## COLLECTED DATA
BEGIN

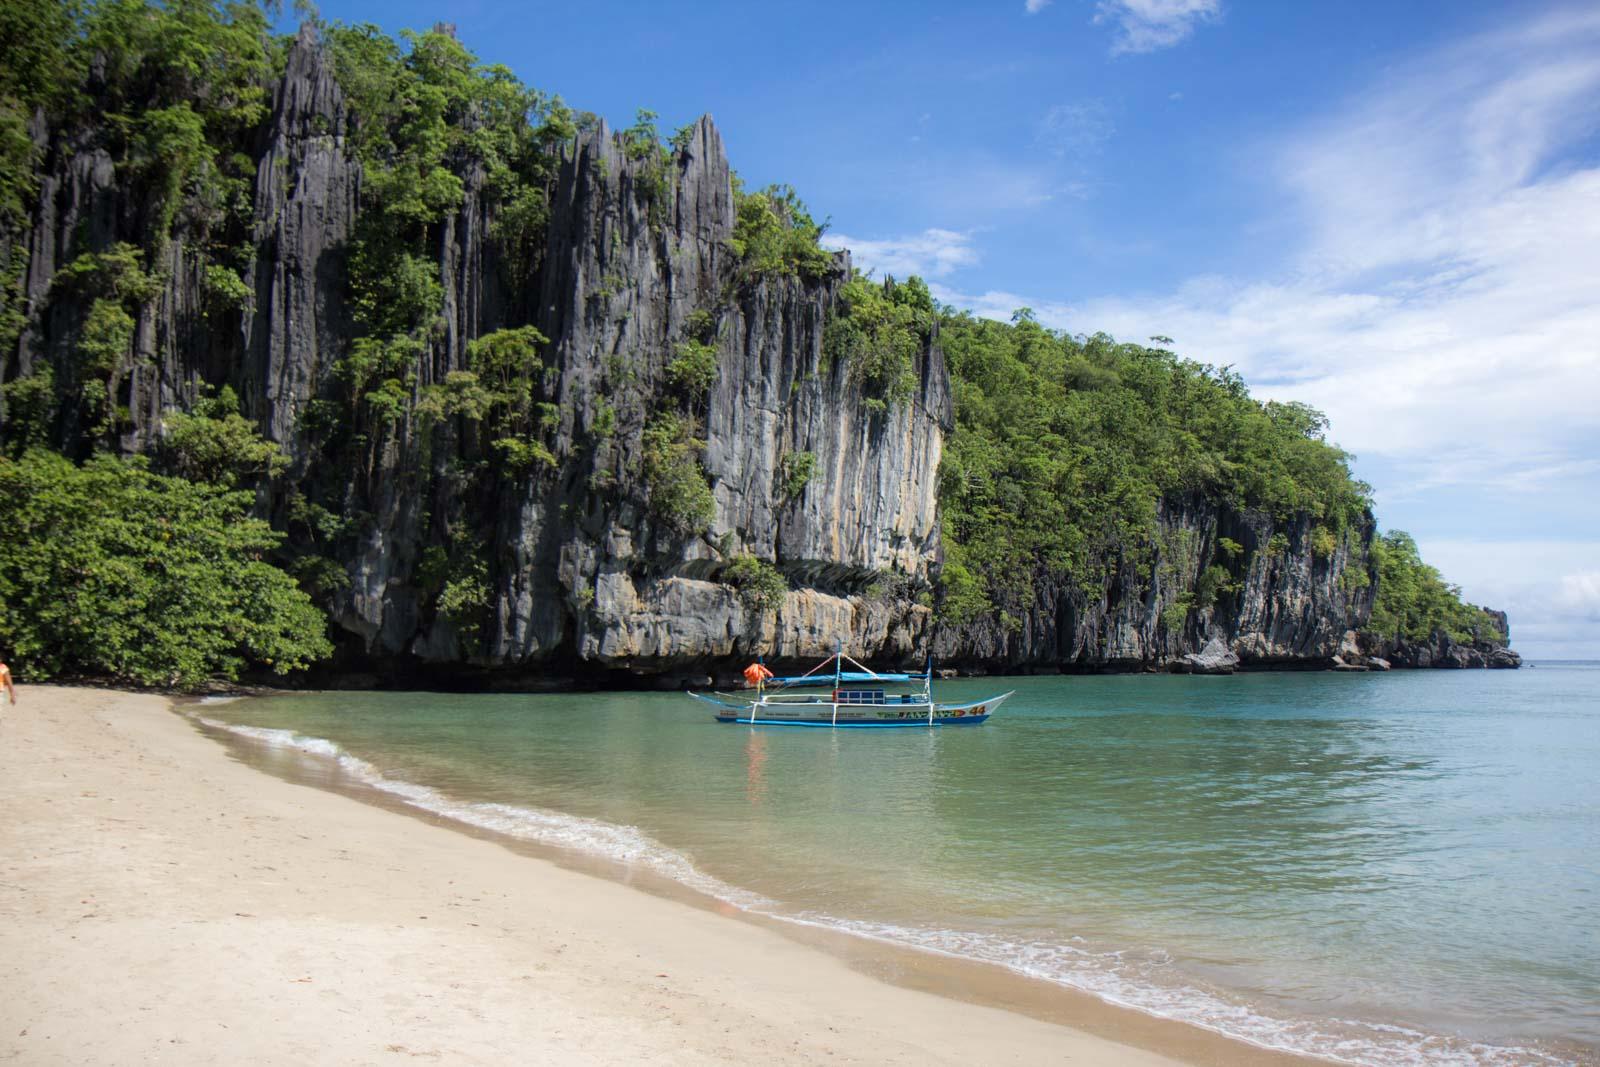 Puerto-Princesa Subterranean River National Park, Palawan, Philippines
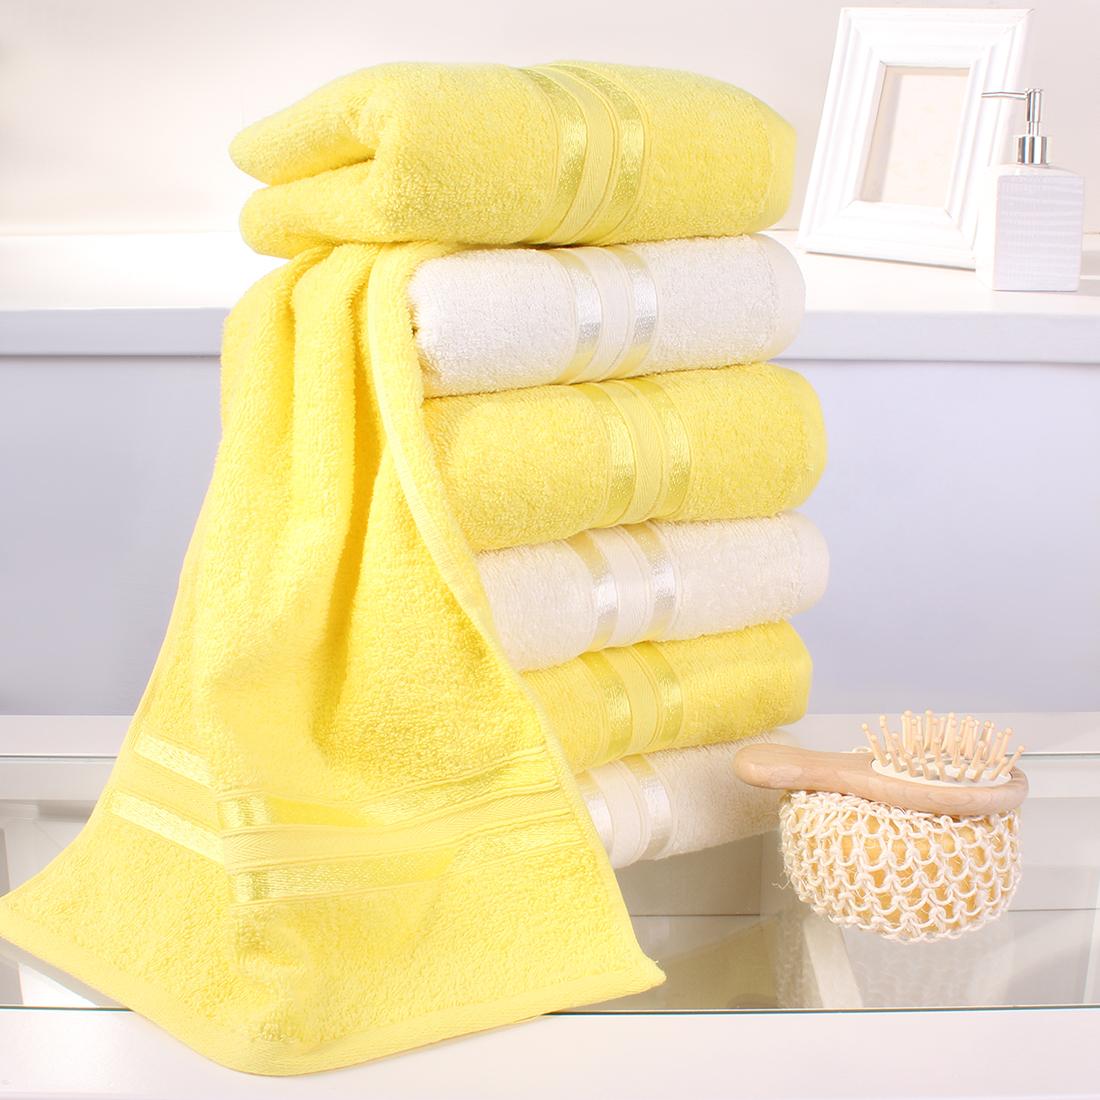 Купить Полотенца Dome, Полотенце для рук Harmonika Цвет: Молочный, Желтый (33х50 см - 6 шт), Дания, Махра
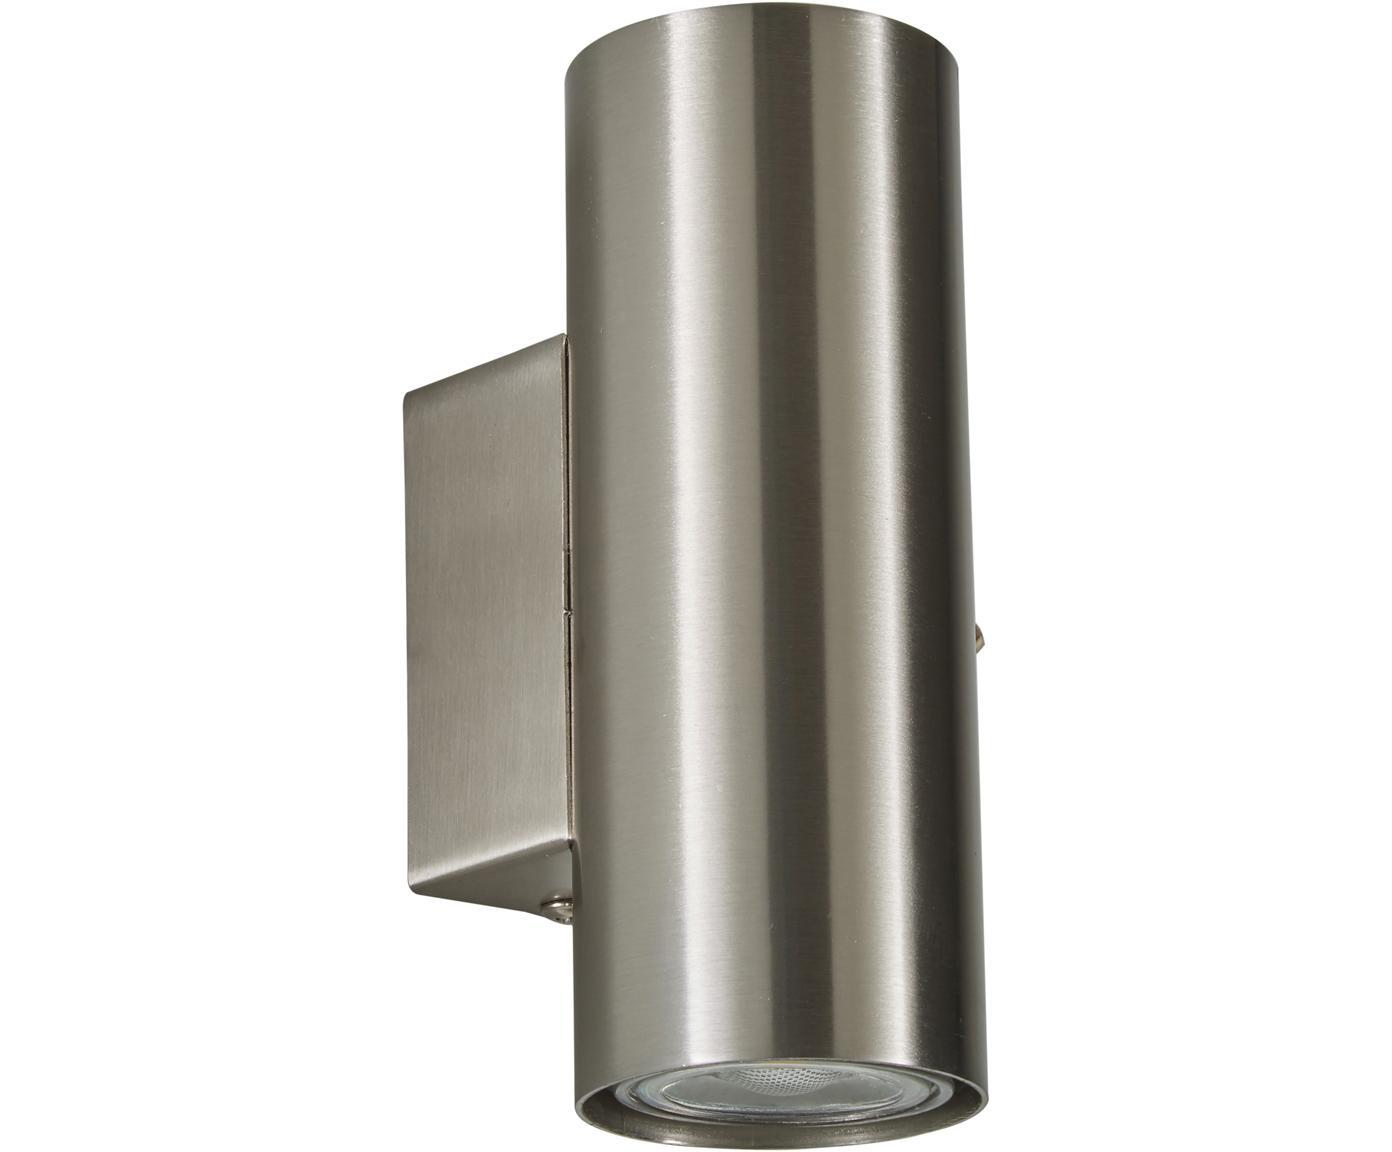 LED Wandleuchte Paul, Metall, verchromt, Chrom, 6 x 9 cm
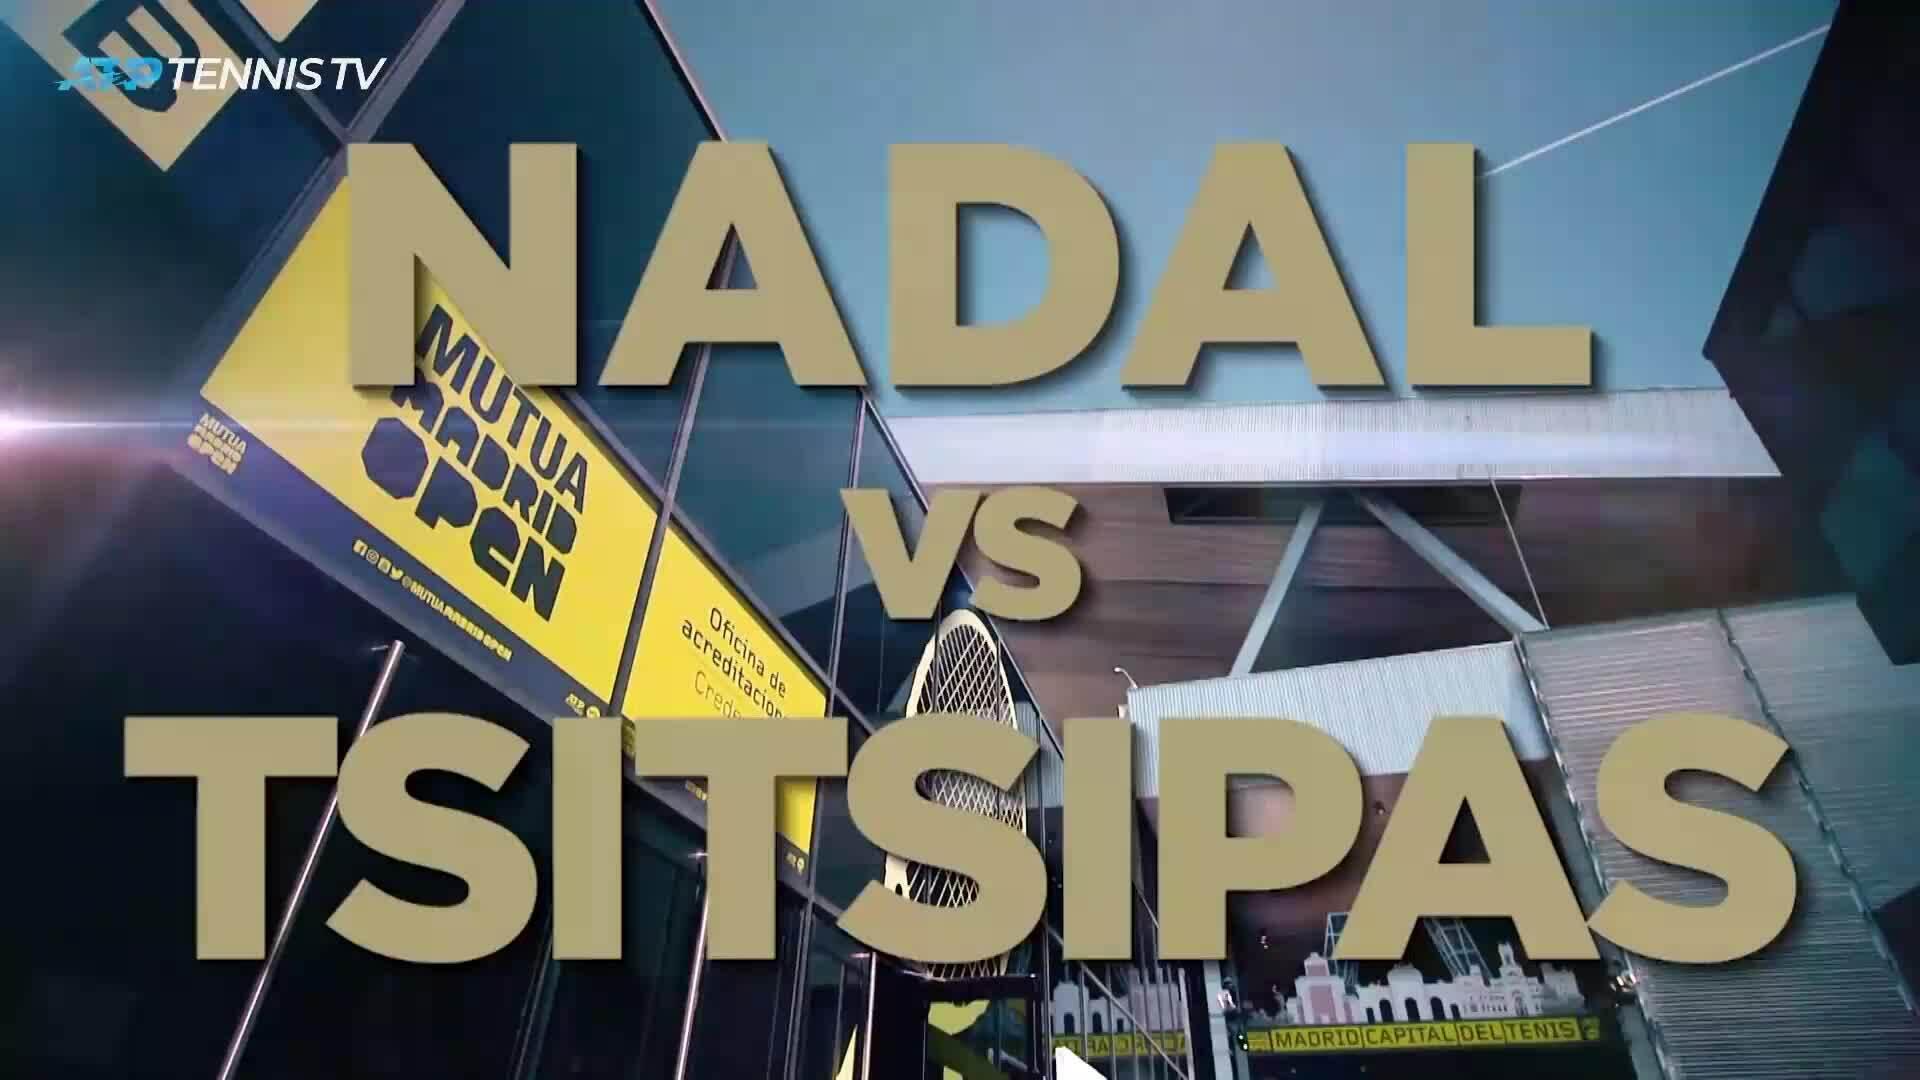 Stefanos Tsitsipas 2-1 Rafael Nadal

END

Omitting all pictures, retype exactly the lines from the line containing "Купить Полотенца Dome, Полотенце" down to the last line above, both ends included.

 Купить Полотенца Dome, Полотенце для рук Harmonika Цвет: Молочный, Желтый (33х50 см - 6 шт), Дания, Махра
 LED Wandleuchte Paul, Metall, verchromt, Chrom, 6 x 9 cm
 Stefanos Tsitsipas 2-1 Rafael Nadal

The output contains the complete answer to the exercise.